Relative rate of spoilage (RRS) models and general information about FSSP

[FSSP home] Before any prediction can be performed product characteristics must be entered in the RRS model dialog box (as shown below). The only product characteristics required is the product shelf-life at a single known storage temperature (and then click on the APPLY button). From this information FSSP predicts shelf-life at different constant temperatures. To predict shelf-life in days, input a storage temperature in °C in the shelf-life prediction group-box and click on the CALCULATE button. Entering different constant temperatures is an easy way to get an idea about the temperature sensitivity of the product. 

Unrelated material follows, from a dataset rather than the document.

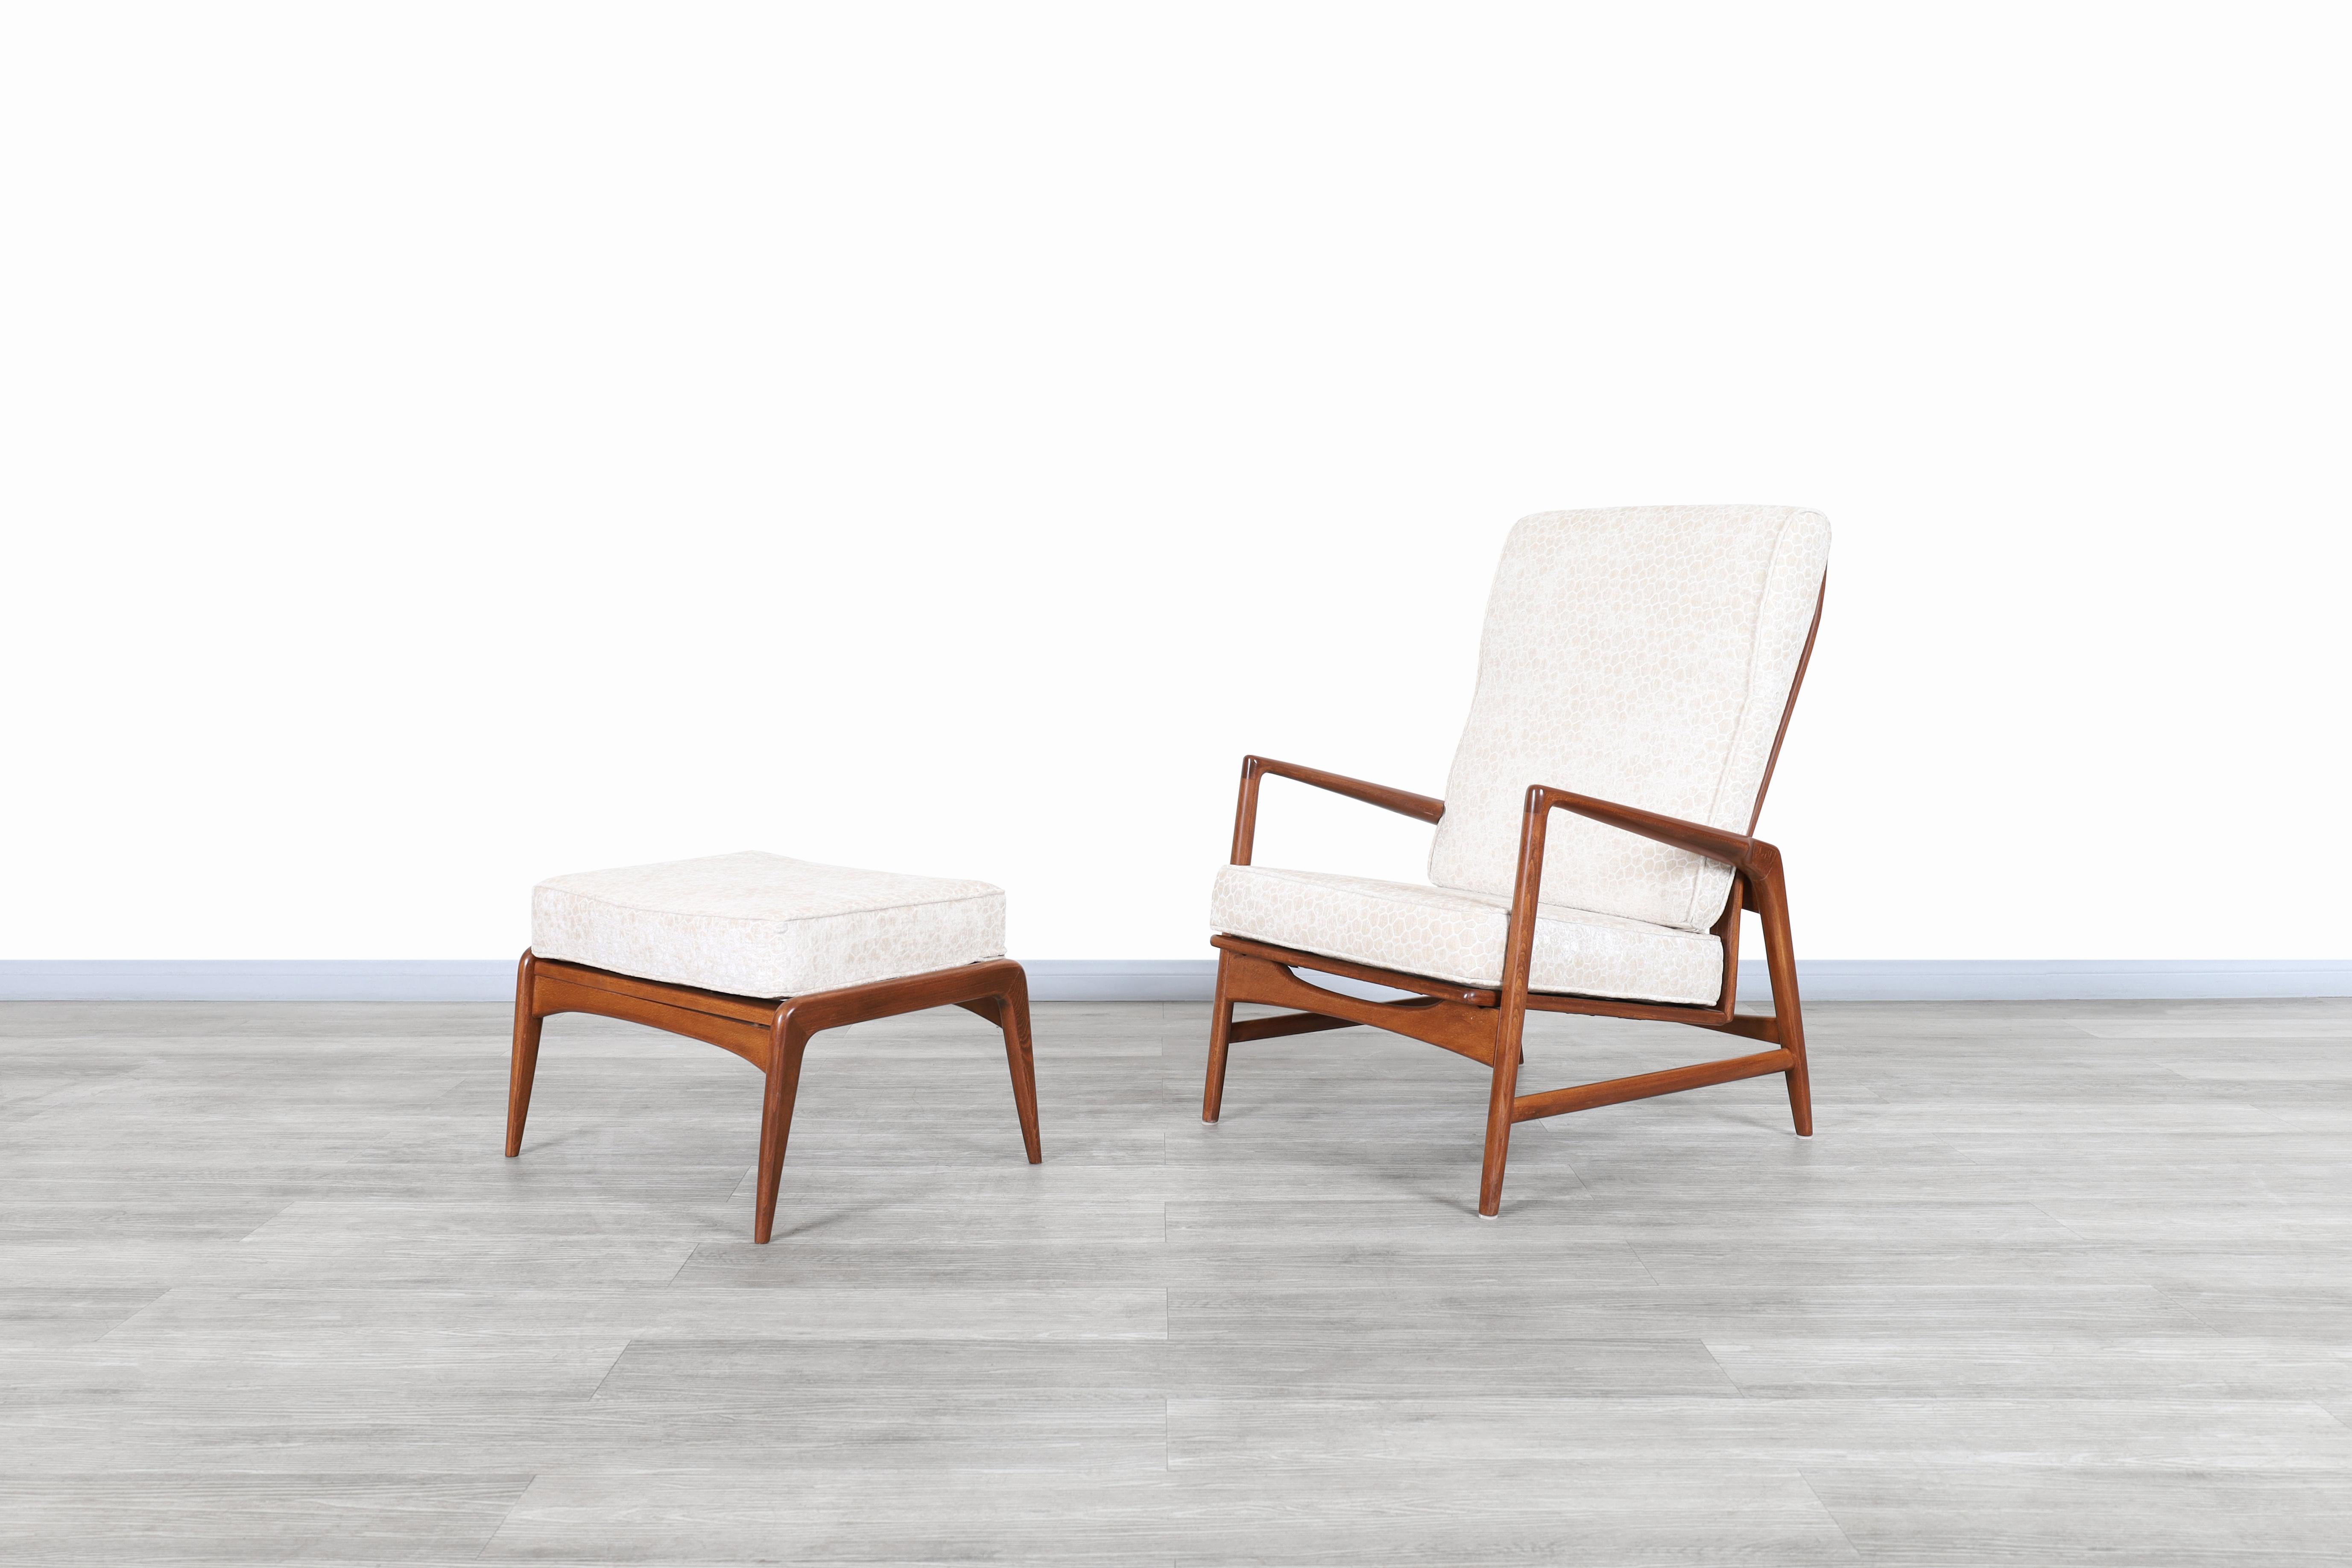 Erstaunliche dänische Nussbaum-Liegestühle und Ottomane, entworfen von Ib Kofod Larsen in Dänemark, um 1960. Sowohl der Stuhl als auch die Ottomane haben einen Rahmen aus gebeiztem Walnussholz, der in Handarbeit gefertigt wurde. Der Stuhl verfügt

In the dialog box shown below the shelf-life values are indicated with two decimals. However, from FSSP options (Options, General) the number of decimal places can be set by the user.  

 

 

Creating a temperature profile manually 

Within the RRS-model dialog box and under the tab 'Series of constant temperatures' (See picture just below) the storage temperature in °C and the storage time in hours can be entered for each step of a temperature profile. This is done by using the input fields as shown in the FSSP window below. Click on the button when temperature and time for each step of the profile has been entered. The button allows the last entered line to be deleted. Each step adds a new line and calculates remaining shelf-life as shown in the grid of the FSSP window below. FSSP calculates remaining shelf-life for storage at 0°C, 5°C and 10°C. These values indicate the remaining shelf-life of the product if, at a given point in time, it was stored at one of the three constant temperatures until spoiled.

 

 

You can include as many steps as you wish in a 'manual temperature profile'. However, with more complicated profiles it is easier to generate a temperature profile in a spreadsheet and to enter these data into FSSP as a ASCII file (See temperature profiles) or by using the 'Raw data importer' (). Click on the graph icon () in the upper left corner of the screen to see figures of the manually entered temperature profile and its effect on the remaining shelf-life at 0°C, 5°C and 10°C.

To return from the FSSP output window with graphs (below) to the FSSP model dialog box (above) or to select a new FSSP model or module you need to double click on relevane model/module in the FSSP tree-view structure.

 

 

A results-bar is shown at the bottom of the FSSP output window just above. When FSSP users click on a curve by using the right mouse bottom this results-bar shows (i)  remaining shelf-life (RSL) for the selected temperature profile, (ii) the actual storage temperature at that particular point in time and (iii) the remaining shelf-life (RSL) at 0°C, 5°C and 10°C. The remaining shelf life graph includes three curves showing the remaining shelf life at 0°C, 5°C and 10 °C.  In each point in time the remaining shelf-life curves indicate remaining shelf-life of the product if stored at a constant temperature of 0°C, 5°C or 10°C until spoiled. 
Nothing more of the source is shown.